A quick examination of the packages of the highest compensated employees shows Josiah A. Spaulding, Jr., the President and CEO, receiving a total compensation of $482,912 in 2011, followed by Chief Strategic Officer Susan Dahling Sullivan’s $190,244, Vice President and General Manager Michael Szczepkowski’s $183,009, Chief Development Officer Andrea Rounds’ $173,319, her predecessor, Nancy Skinner’s $134,656, and Chief Financial Officer John F. Perkins’ $134,484. Together, the six received a total of $1,298,624 in 2011. In short, only a $74,317 or 6% increase over the previous year, some of which is accounted for by a severance agreement with Skinner.
This $1,298,624 for the Wang’s six most highly compensated employees amounts to almost 32.4% of the $4,008,958 listed as Center’s total functional expenses, with Spaulding’s compensation comprising 12% of that total figure alone. These expenses make up 97.78% of the $4,100,336 raised in the previous year in “Gifts, grants, contributions, and membership fees” in public support from “a governmental unit or from the general public.”
Meanwhile, total fundraising expenses in 2011 came to $1,064,793, or just under 26.56% of 2011’s total functional expenses. This fundraising brought the Wang $2,703,304 at the end of the year — only 66% of the funds raised by the Wang during the previous year. Ultimately, the net profit of the Wang Center’s fundraising operations was $1,638,511 — enough to cover the salaries of its top officers in 2012 with maybe $300,000 and change left over. One will have to wait for the organization’s 990 form for 2012 to be released.
Ultimately, the prestige that the Wang Center gains through the unpaid and underpaid civic work done by the Citi Center’s education department chiefly pays for the salaries of its top executives, and makes it attractive enough for Citigroup to want naming rights in order to raise its philanthropic profile. Individual philanthropists who want to support the civic good of the education department may be surprised to discover how little of the money goes to the work of arts educators and how much of it goes to pay the salary of Spaulding and his colleagues.
Most importantly, we have to ask a question: If we were to examine the discrepancy between executive compensation and the compensation of the teaching artists who actually engage in the civic work of other major cultural institutions in Boston and other major cities, would we find the same pattern at work?
In my previous article and in my statement at the Jan. 24 public hearing, I noted that the Wang’s 2010 filing also mentioned $1,685,240 in payments to Nathan Pusey, formally the Marketplace Director Manager for New England for Citibank — and also a member of the Center’s board of directors. (According to his profile on LinkedIn, he is now with the Commerce Bank and Trust Company.). The text in the 2010 filing is unclear as to the reasons for these payments, though they might actually represent payments to Citigroup, albeit in a poorly phrased manner since Pusey served in both organizations.
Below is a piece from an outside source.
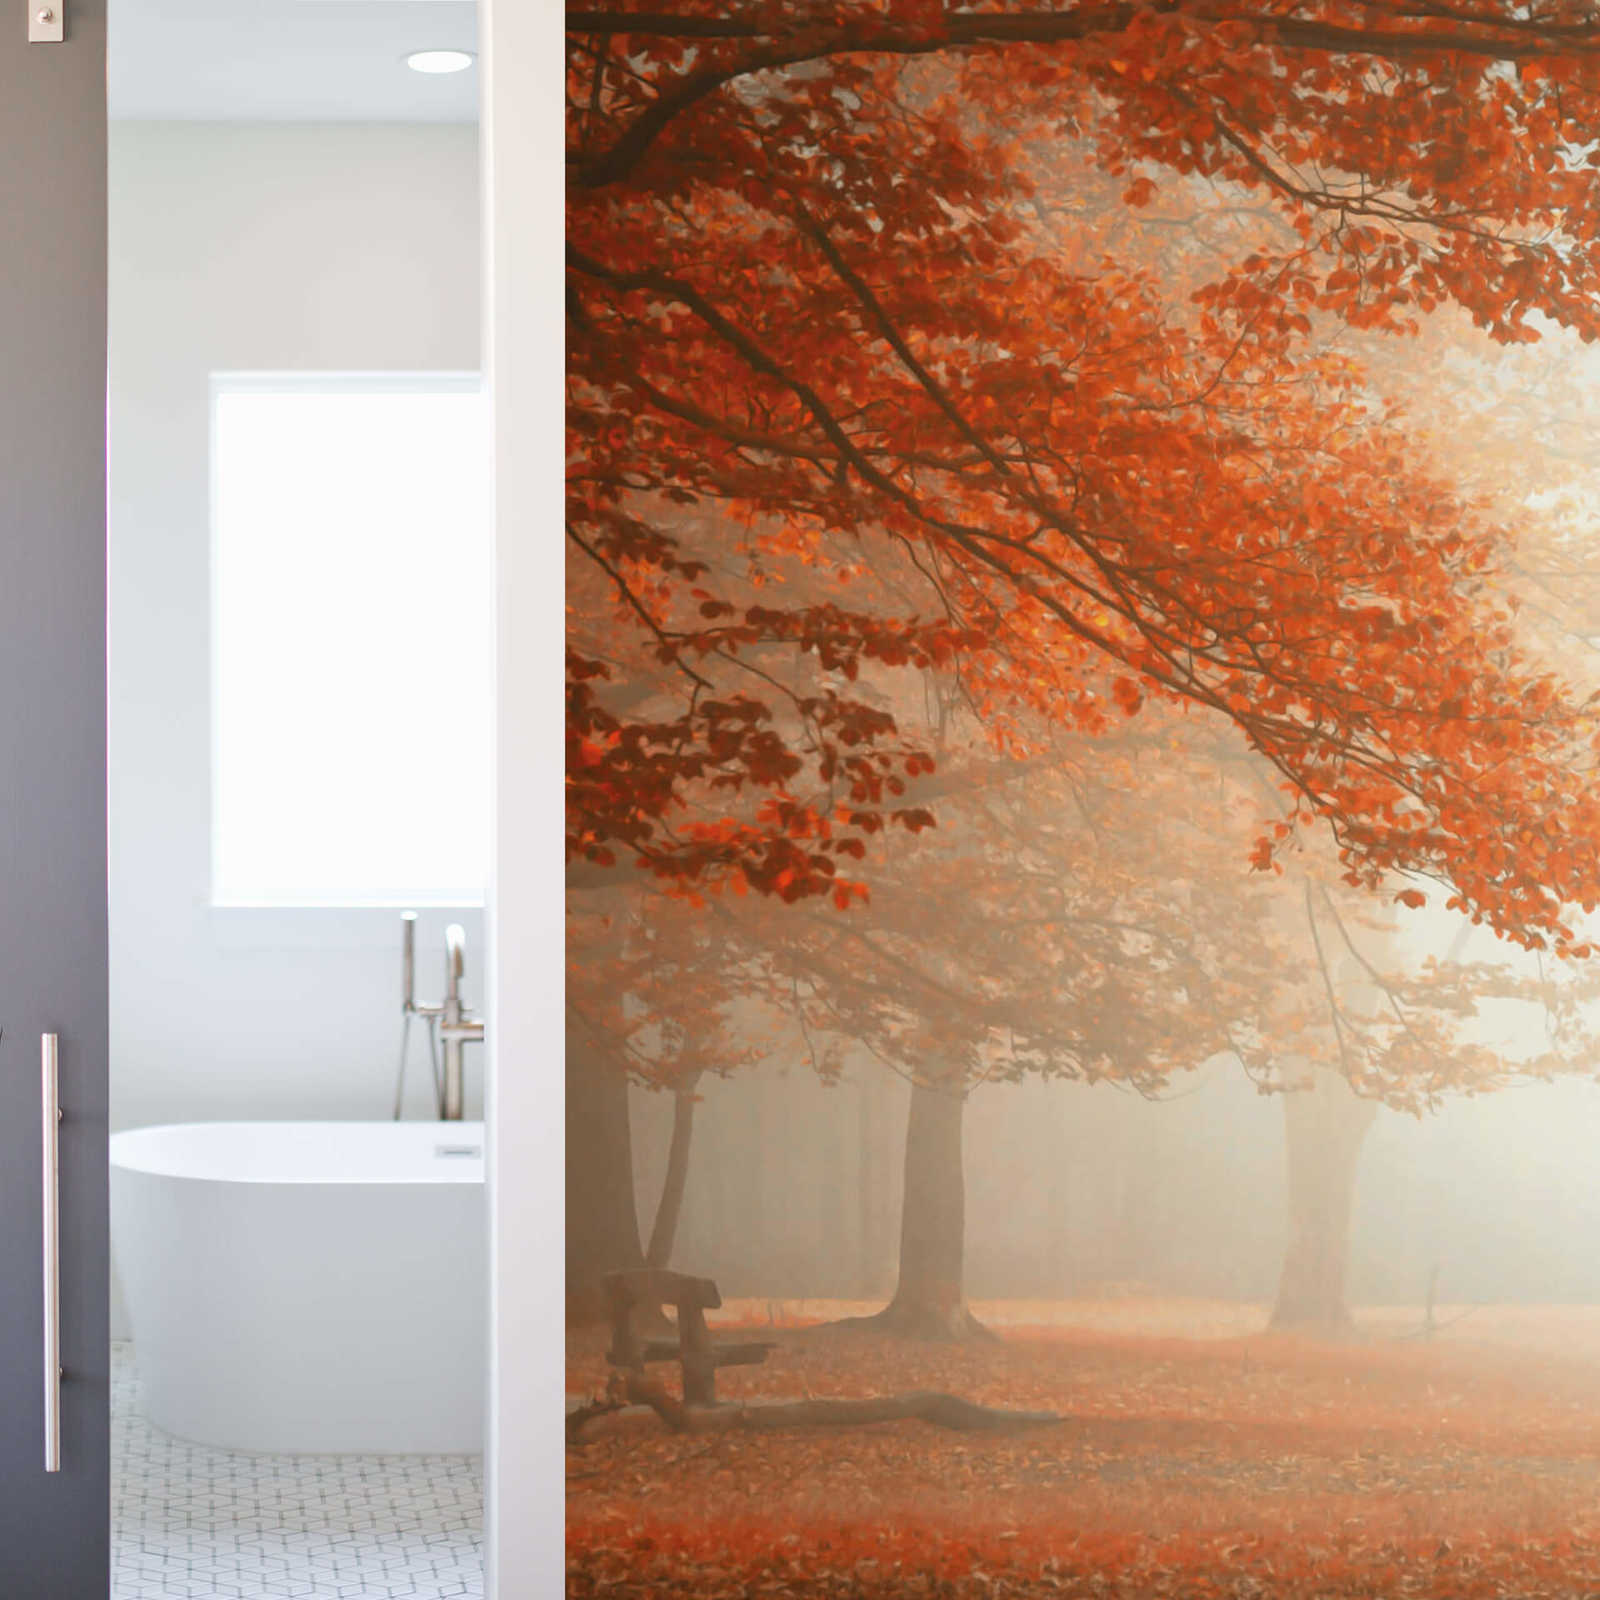             Fototapete Park im Herbst mit Nebel – Orange, Braun

The 2011 Form 990 Schedule L instead details four transactions between the CitiCenter and Citibank in which Pusey is identified as an “interested person,” specifically stating, “Nathan Pusey, Director of the Board, is an officer of Citibank.” One of the transactions is a $21,597 payment to Citibank for business fees. Another is a $1,377,083 sponsorship payment from Citigroup — presumably a condition of the naming rights. A third is a $1,439,613 promissory note “with Citigroup” — “with” is a strange preposition to use in this context, but it appears to mean an account payable to Citigroup. The final transaction is a $1 million line of credit. In short, the money appears to be flowing from the CitiCenter to Citigroup to the tune of $84,127 in 2011, not including whatever interest may in the future accrue on the $1 million credit line. At least in the two years thus far examined, the partnership with Citigroup that afforded the financial institution naming rights over the Wang Center for the Performing Arts has proven to be a net loss for the Wang, though perhaps the deal will pay off in the long run.